I successfully completed the sample2markers.py step, however I cannot run step 3: Identify clades detected in the samples and build reference databases. The command i am using is:
Traceback (most recent call last):
File “/mnt/nfs/home/30041036/.conda/envs/metaphlan2/bin/strainphlan.py”, line 1585, in
strainphlan()
File “/mnt/nfs/home/30041036/.conda/envs/metaphlan2/bin/strainphlan.py”, line 1581, in strainphlan
strainer(args)
File “/mnt/nfs/home/30041036/.conda/envs/metaphlan2/bin/strainphlan.py”, line 1365, in strainer
db = pickle.load(bz2.BZ2File(args[‘mpa_pkl’]))
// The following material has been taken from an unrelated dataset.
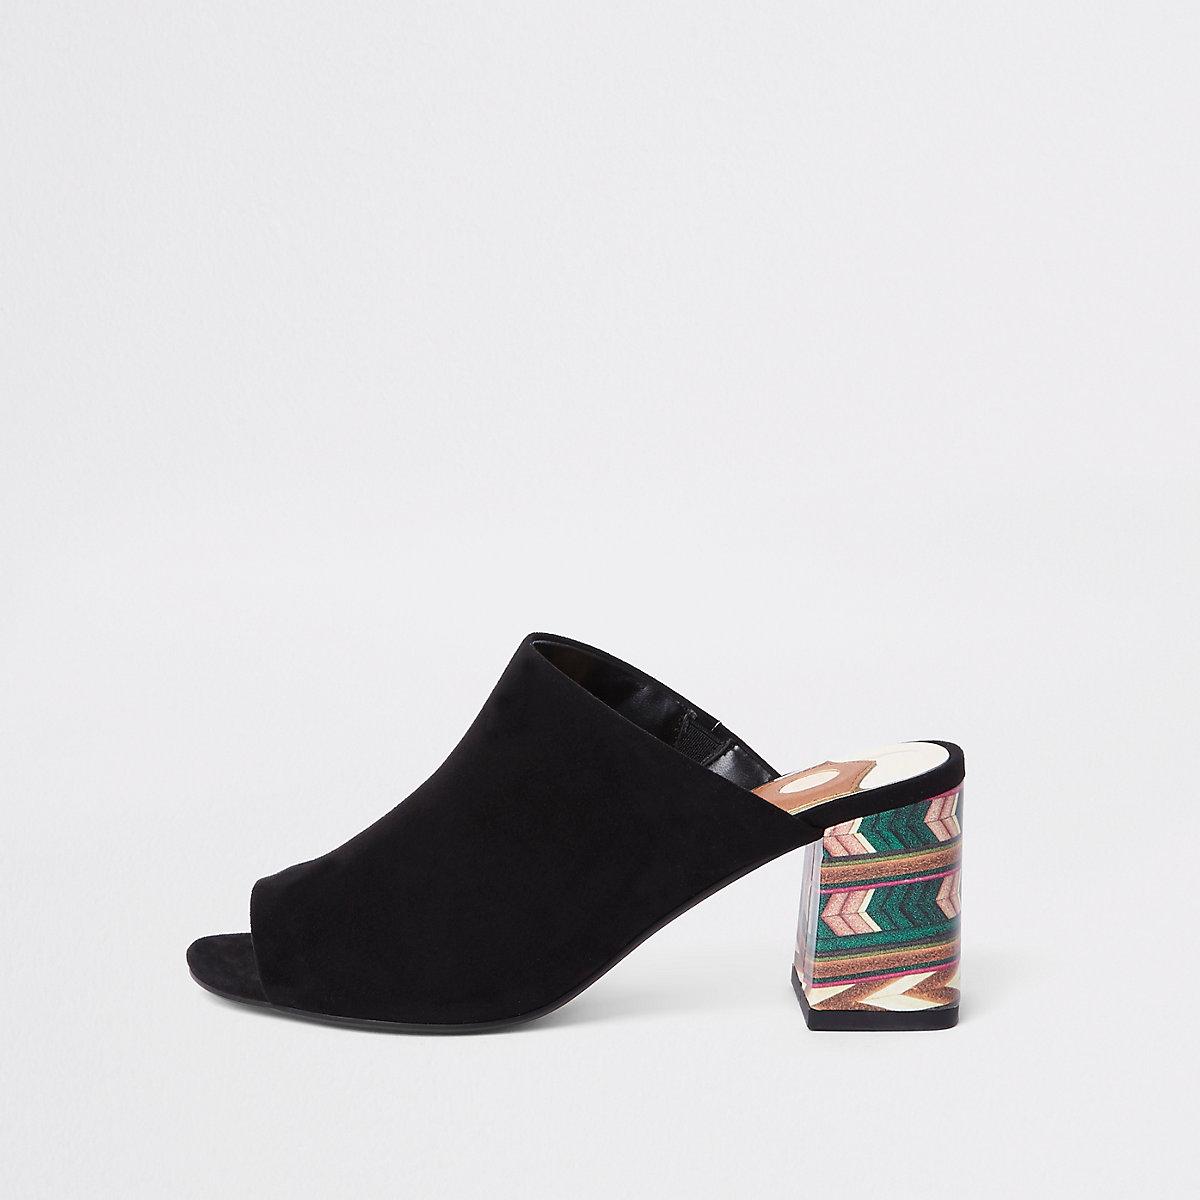 Black block print heel mules
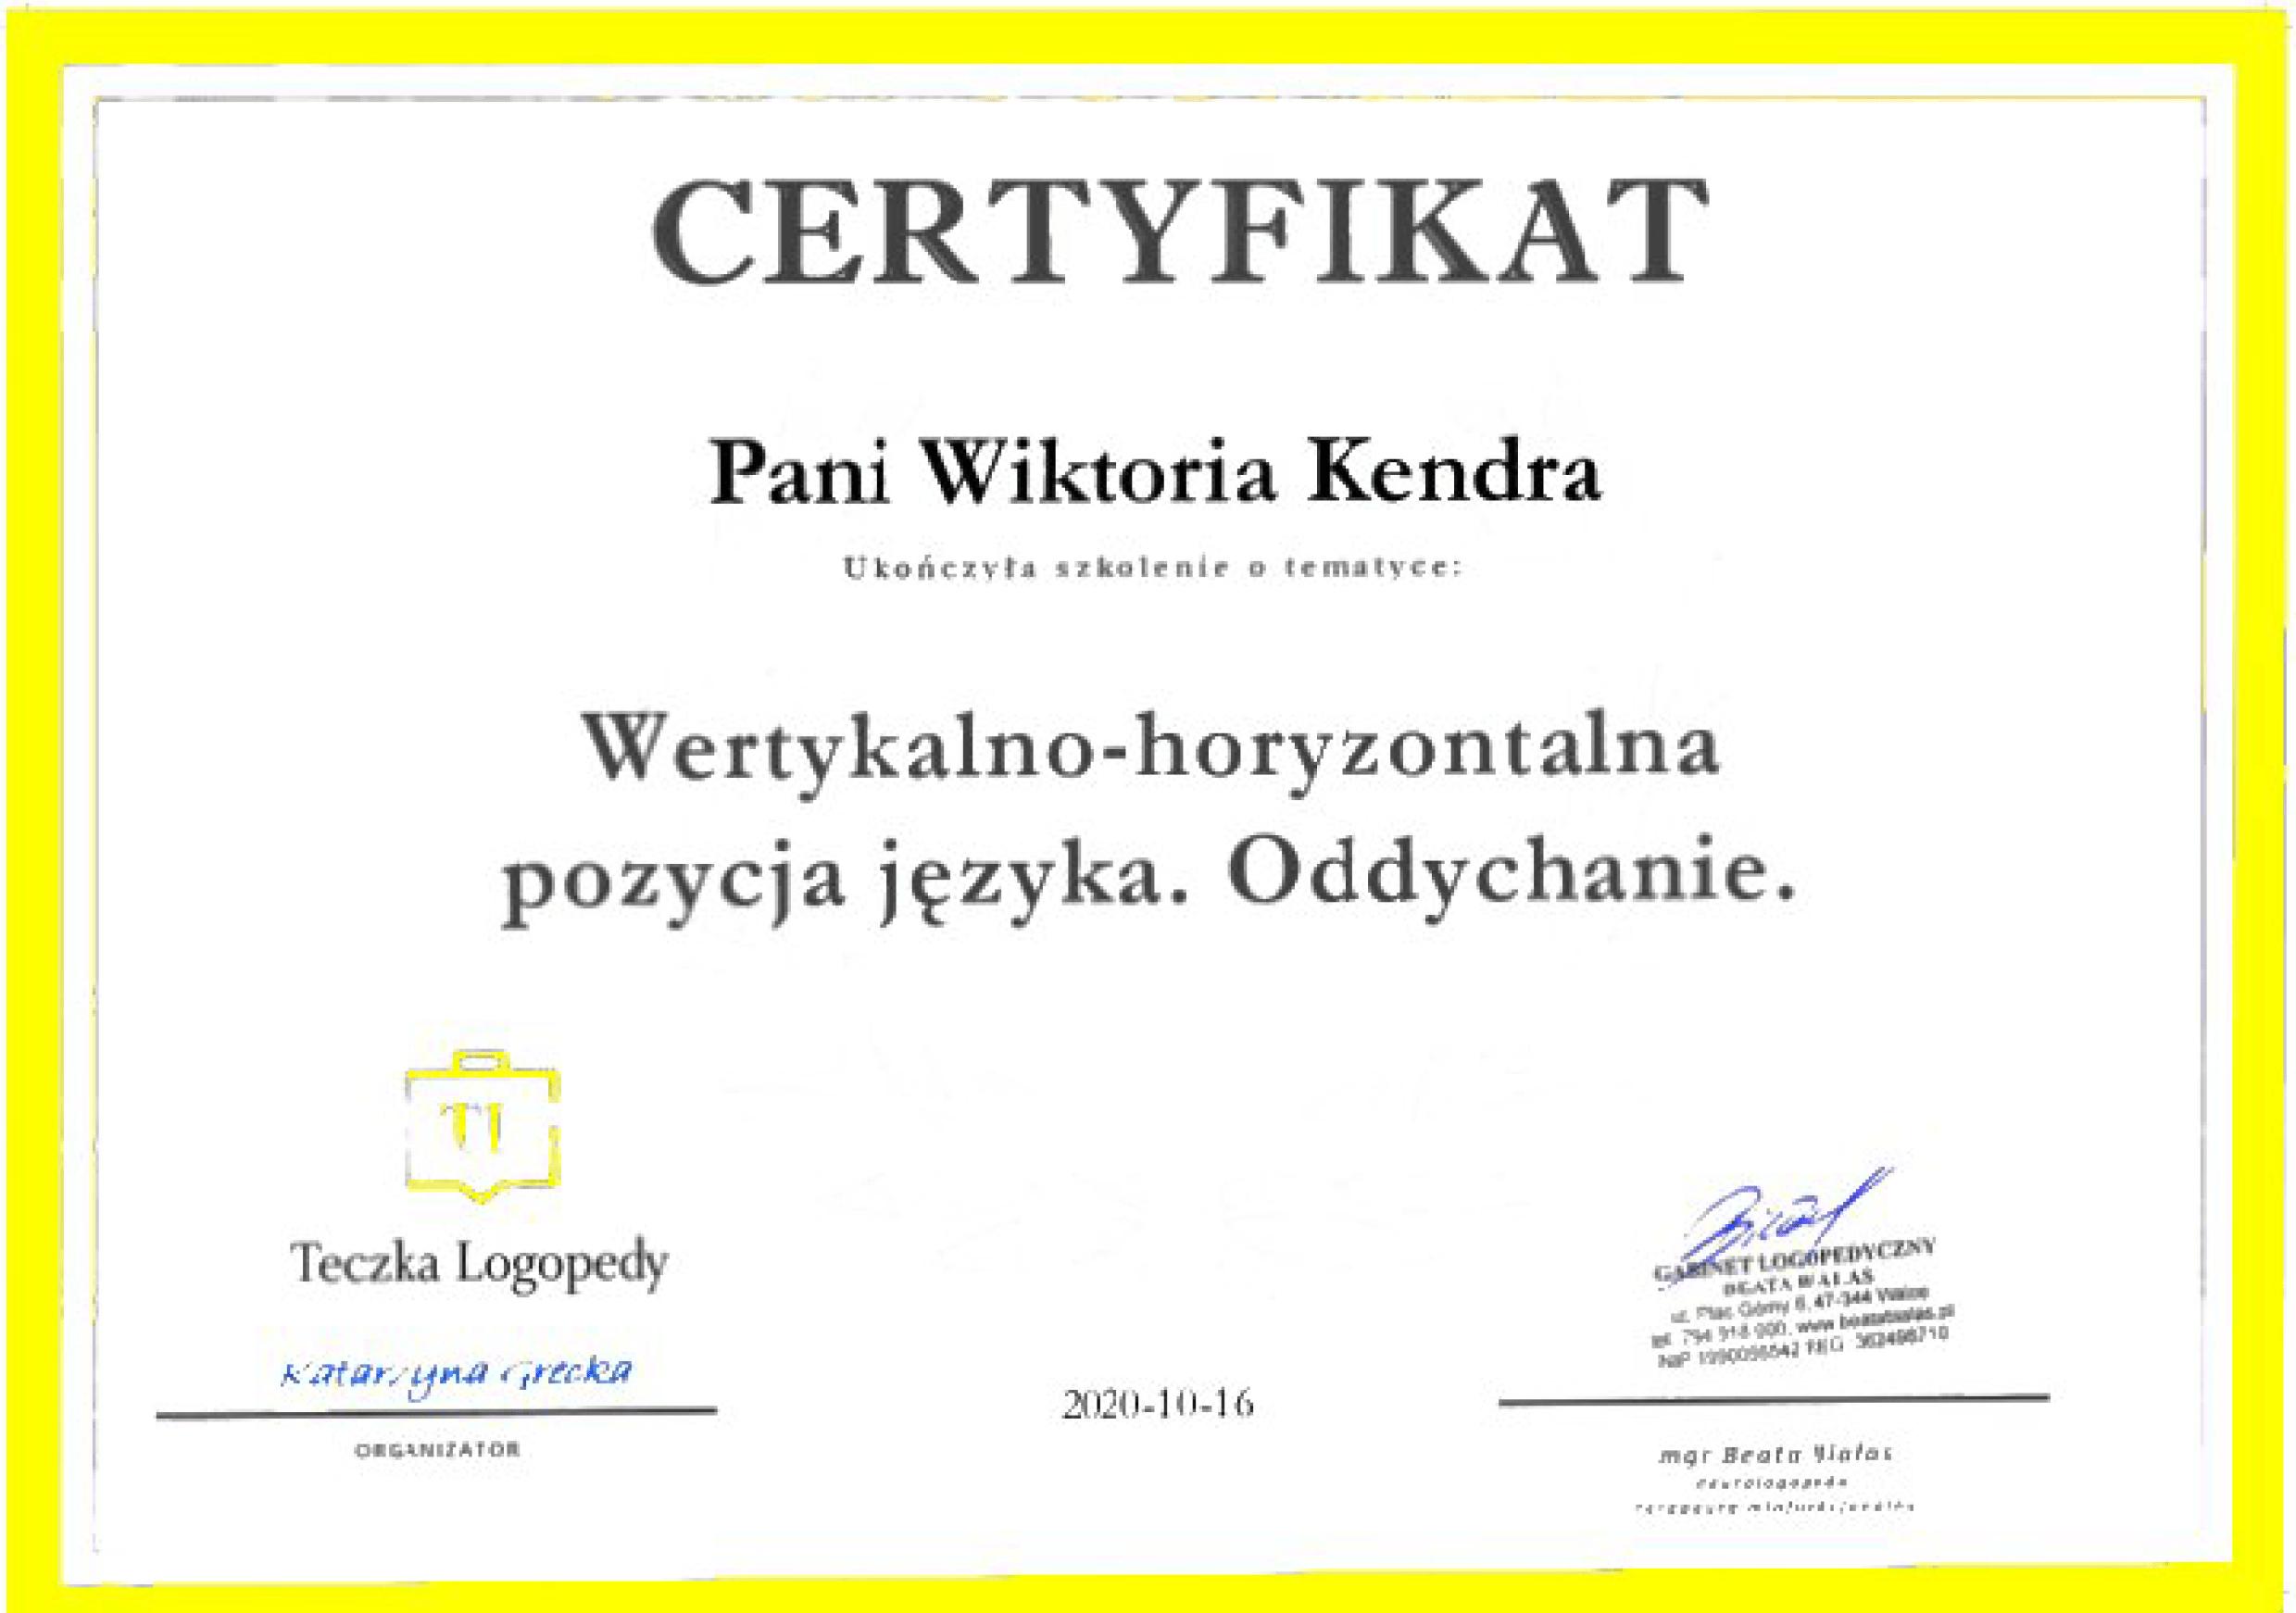 Certyfikat WK 2

File “/mnt/nfs/home/30041036/.conda/envs/metaphlan2/lib/python3.7/bz2.py”, line 92, in init
self._fp = _builtin_open(filename, mode)
IsADirectoryError: [Errno 21] Is a directory: ‘/mnt/nfs/home/30041036/.conda/envs/metaphlan2/bin/metaphlan_databases’
How can I fix this? I can’t see that anyone else has had similar issues. Also in step 4 --ifn_markers s__Eubacterium_siraeum.markers.fasta is used in the command, how do I generate this fasta file for the species I am interested in (e.g. staphylococcus aureus)?
Hi mradz19,
Try to add the param –index v296_CHOCOPhlAn_201901 to the strainphlan execution like:
strainphlan.py --ifn_samples p100_bowtie2_aligned.markers --output_dir markers/ --print_clades_only --index v296_CHOCOPhlAn_201901 > clades.txt
Hi Michael,
When StrainPhlAn is not able to return any clade could be due two main reasons:
The database version you used for create the SAM file is different than the version you used for executing StrainPhlAn. This can be checked taking a look on the first line of the abundances report file generated together with the SAM file.
The sample2markers script was not able to reconstruct enough markers for your sample.
If you could share your markers file I could take a deeper look on the problem.
Hi @lzh1982
The StrainPhlAn markers’ database is same as the MetaPhlAn markers’ database.
If you installed MetaPhlAn 3 via conda, StrainPhlAn and the markers’ database will be also downloaded and installed, please check the tutorial for more info: https://github.com/biobakery/MetaPhlAn/wiki/MetaPhlAn-3.0#installation
If you have any issue with the conda installatioiin, you can also download the database from the following links:
Hi Aitor,
Thank you very much for your explanation! I have installed biobakery_workflow through docker. I need know how to download the reference database not only maker database and install STRAINPHLAN_DB_REFERENCE manually? Would you help me?
Hi,
You should set the the environmental variables STRAINPHLAN_DB_REFERENCE and STRAINPHLAN_DB_MAKERS inside your Docker instance using export.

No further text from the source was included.